Tuesday, March 24, 2015

Policy Makers Should Not Discount the Damages from Future Climate Tipping Points

What is at risk if we do nothing about climate change now? (Credit: © carloscastilla / Fotolia) Click to Enlarge.
Society should set a high carbon tax now to try and prevent climate change reaching a point of no return according to a new study. 

The research, carried out by the Universities of Exeter, Zurich, Stanford and Chicago is published in the journal Nature Climate Change and shows that the prospect of an uncertain future tipping point should greatly increase the amount we are willing to pay now to limit climate change.

Depending on the economic impacts of an abrupt change in climate and how quickly this is felt, the cost of carbon emitted now increases by 50 -- 200%. Setting a correspondingly high carbon tax would trigger a reduction in carbon emissions that delays the tipping point.

The researchers developed a model to investigate how the uncertainty surrounding tipping points should influence climate policy. Based on expert input, the likelihood that human activities will push the climate system past a tipping point increases from 2.5% in 2050 to nearly 50% in 2200 in their baseline scenario.

Professor Tim Lenton from Geography at the University of Exeter said: "Our results support recent suggestions that the costs of carbon emissions used to inform policy are being underestimated.

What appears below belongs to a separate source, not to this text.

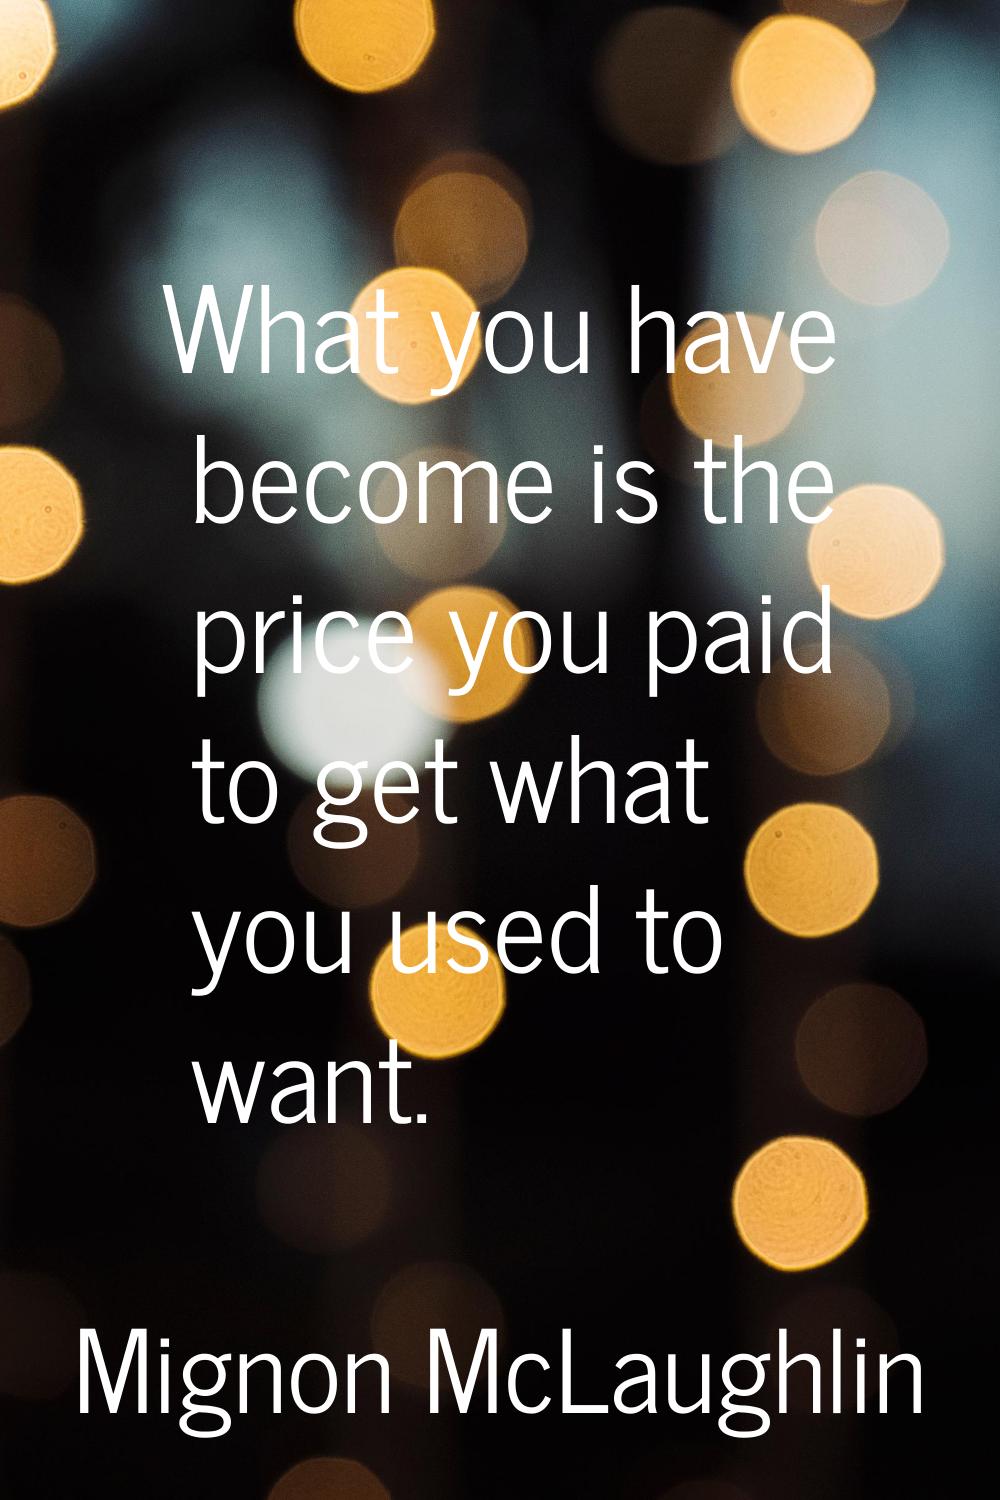 What you have become is the price you paid to get what you used to want.

"We are calling on policy makers to respond to the prospect of triggering future climate tipping points by applying the brakes now and putting a high price on carbon emissions before it is too late.
The potential climate tipping points considered in the study were a collapse of the Atlantic meridional overturning circulation; irreversible melt of the Greenland Ice Sheet; collapse of the West Antarctic Ice Sheet; dieback of the Amazon rainforest; or an increase in the amplitude of the El Niño Southern Oscillation.